» Description of the task: Set out exactly every line of the entries below, starting at the line that holds "Christmas Home Tour" and stopping after the line that holds "Sterling Silver Slider".
:: Information ::
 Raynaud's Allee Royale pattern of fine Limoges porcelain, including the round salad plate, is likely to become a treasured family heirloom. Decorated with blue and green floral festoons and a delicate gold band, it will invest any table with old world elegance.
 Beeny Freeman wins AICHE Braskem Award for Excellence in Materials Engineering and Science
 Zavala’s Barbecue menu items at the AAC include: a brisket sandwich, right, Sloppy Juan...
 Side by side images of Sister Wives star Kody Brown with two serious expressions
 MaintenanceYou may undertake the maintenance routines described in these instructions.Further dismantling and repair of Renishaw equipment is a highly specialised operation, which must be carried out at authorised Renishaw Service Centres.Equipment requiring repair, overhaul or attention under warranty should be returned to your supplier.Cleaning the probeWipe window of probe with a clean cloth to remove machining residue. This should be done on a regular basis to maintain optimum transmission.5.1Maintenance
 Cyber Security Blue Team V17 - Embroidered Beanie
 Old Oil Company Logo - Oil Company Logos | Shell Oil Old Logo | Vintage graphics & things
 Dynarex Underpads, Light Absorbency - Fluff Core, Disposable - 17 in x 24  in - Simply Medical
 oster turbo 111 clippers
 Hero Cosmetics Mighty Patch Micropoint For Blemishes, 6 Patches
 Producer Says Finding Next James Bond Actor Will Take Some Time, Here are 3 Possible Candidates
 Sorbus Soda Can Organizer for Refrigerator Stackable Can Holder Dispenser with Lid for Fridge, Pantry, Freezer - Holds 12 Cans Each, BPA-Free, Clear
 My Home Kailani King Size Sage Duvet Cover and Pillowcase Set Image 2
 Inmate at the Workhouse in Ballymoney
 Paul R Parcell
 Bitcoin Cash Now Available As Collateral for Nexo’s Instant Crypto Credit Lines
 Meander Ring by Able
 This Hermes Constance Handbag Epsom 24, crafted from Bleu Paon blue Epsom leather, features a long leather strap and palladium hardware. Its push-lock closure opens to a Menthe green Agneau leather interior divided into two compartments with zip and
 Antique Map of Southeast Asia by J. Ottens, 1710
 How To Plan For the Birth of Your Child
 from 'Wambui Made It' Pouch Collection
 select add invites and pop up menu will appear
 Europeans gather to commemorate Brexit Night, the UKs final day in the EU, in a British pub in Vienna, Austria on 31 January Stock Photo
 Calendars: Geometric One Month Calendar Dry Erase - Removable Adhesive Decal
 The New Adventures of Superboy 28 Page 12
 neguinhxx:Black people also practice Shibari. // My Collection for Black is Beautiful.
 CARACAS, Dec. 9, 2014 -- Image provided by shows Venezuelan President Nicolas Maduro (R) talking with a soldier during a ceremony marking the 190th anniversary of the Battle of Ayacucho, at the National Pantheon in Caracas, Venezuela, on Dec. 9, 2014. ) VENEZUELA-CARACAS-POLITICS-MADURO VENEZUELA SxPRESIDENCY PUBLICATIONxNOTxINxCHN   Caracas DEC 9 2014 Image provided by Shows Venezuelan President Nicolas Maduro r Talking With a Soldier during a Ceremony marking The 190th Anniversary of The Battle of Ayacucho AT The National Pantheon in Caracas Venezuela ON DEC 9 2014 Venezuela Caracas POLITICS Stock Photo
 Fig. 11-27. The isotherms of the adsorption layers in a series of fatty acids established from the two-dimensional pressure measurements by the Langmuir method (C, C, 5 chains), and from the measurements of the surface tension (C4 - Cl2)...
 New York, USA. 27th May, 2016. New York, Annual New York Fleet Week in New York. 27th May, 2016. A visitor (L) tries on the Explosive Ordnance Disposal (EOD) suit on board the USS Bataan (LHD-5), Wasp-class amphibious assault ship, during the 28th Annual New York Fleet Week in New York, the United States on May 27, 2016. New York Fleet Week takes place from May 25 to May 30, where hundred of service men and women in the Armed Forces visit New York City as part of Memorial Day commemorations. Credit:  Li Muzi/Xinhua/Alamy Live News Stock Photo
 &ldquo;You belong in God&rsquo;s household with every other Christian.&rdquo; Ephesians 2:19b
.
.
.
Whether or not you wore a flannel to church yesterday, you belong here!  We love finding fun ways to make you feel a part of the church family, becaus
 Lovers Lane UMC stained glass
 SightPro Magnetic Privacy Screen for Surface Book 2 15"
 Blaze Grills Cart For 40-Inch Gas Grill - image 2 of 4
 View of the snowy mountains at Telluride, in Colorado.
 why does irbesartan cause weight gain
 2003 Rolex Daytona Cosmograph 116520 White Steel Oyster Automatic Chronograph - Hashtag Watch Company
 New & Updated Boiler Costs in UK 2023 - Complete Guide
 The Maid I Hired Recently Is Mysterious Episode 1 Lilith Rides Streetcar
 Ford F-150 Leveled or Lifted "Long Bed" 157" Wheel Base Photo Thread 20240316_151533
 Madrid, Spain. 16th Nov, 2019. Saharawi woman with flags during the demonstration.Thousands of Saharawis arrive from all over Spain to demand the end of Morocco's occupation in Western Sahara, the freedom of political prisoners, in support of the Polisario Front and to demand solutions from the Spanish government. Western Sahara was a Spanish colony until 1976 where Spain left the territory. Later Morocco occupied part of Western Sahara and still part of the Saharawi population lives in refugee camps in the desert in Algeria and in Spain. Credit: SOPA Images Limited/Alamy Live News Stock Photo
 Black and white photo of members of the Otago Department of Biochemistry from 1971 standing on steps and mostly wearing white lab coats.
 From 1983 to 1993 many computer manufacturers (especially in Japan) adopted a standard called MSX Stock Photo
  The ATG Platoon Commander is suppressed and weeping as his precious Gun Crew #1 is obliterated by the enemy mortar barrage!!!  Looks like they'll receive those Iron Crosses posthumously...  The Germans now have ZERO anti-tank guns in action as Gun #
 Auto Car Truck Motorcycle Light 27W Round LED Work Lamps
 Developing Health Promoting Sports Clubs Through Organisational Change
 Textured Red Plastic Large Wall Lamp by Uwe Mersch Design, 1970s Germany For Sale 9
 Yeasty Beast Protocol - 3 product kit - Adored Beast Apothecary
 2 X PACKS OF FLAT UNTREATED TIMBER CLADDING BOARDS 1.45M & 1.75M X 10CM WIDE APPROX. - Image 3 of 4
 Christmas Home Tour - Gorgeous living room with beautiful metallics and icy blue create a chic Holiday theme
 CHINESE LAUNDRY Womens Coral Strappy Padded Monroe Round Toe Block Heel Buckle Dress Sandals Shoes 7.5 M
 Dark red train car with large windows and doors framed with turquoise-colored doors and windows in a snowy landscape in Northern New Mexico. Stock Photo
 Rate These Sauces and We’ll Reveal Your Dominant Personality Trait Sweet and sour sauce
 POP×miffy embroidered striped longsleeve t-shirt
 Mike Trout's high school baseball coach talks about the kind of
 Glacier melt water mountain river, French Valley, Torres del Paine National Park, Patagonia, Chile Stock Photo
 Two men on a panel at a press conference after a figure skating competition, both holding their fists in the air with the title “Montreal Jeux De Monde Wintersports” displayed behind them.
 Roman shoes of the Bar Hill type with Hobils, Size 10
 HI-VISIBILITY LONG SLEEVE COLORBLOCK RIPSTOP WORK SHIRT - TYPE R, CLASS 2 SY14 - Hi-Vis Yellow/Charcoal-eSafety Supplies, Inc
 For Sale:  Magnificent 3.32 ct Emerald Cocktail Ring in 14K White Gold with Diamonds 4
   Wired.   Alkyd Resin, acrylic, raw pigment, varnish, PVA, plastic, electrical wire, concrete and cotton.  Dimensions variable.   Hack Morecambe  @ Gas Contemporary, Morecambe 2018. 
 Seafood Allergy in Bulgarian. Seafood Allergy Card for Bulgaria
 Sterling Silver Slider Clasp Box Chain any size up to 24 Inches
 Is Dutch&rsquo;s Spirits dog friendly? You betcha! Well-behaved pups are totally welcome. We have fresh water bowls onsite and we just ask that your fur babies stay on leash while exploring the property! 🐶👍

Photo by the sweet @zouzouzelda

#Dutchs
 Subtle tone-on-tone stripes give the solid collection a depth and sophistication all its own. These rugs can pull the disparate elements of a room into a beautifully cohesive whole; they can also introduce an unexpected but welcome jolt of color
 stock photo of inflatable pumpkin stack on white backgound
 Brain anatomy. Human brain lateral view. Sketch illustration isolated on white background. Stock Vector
:::
» Task response:
 Christmas Home Tour - Gorgeous living room with beautiful metallics and icy blue create a chic Holiday theme
 CHINESE LAUNDRY Womens Coral Strappy Padded Monroe Round Toe Block Heel Buckle Dress Sandals Shoes 7.5 M
 Dark red train car with large windows and doors framed with turquoise-colored doors and windows in a snowy landscape in Northern New Mexico. Stock Photo
 Rate These Sauces and We’ll Reveal Your Dominant Personality Trait Sweet and sour sauce
 POP×miffy embroidered striped longsleeve t-shirt
 Mike Trout's high school baseball coach talks about the kind of
 Glacier melt water mountain river, French Valley, Torres del Paine National Park, Patagonia, Chile Stock Photo
 Two men on a panel at a press conference after a figure skating competition, both holding their fists in the air with the title “Montreal Jeux De Monde Wintersports” displayed behind them.
 Roman shoes of the Bar Hill type with Hobils, Size 10
 HI-VISIBILITY LONG SLEEVE COLORBLOCK RIPSTOP WORK SHIRT - TYPE R, CLASS 2 SY14 - Hi-Vis Yellow/Charcoal-eSafety Supplies, Inc
 For Sale:  Magnificent 3.32 ct Emerald Cocktail Ring in 14K White Gold with Diamonds 4
   Wired.   Alkyd Resin, acrylic, raw pigment, varnish, PVA, plastic, electrical wire, concrete and cotton.  Dimensions variable.   Hack Morecambe  @ Gas Contemporary, Morecambe 2018. 
 Seafood Allergy in Bulgarian. Seafood Allergy Card for Bulgaria
 Sterling Silver Slider Clasp Box Chain any size up to 24 Inches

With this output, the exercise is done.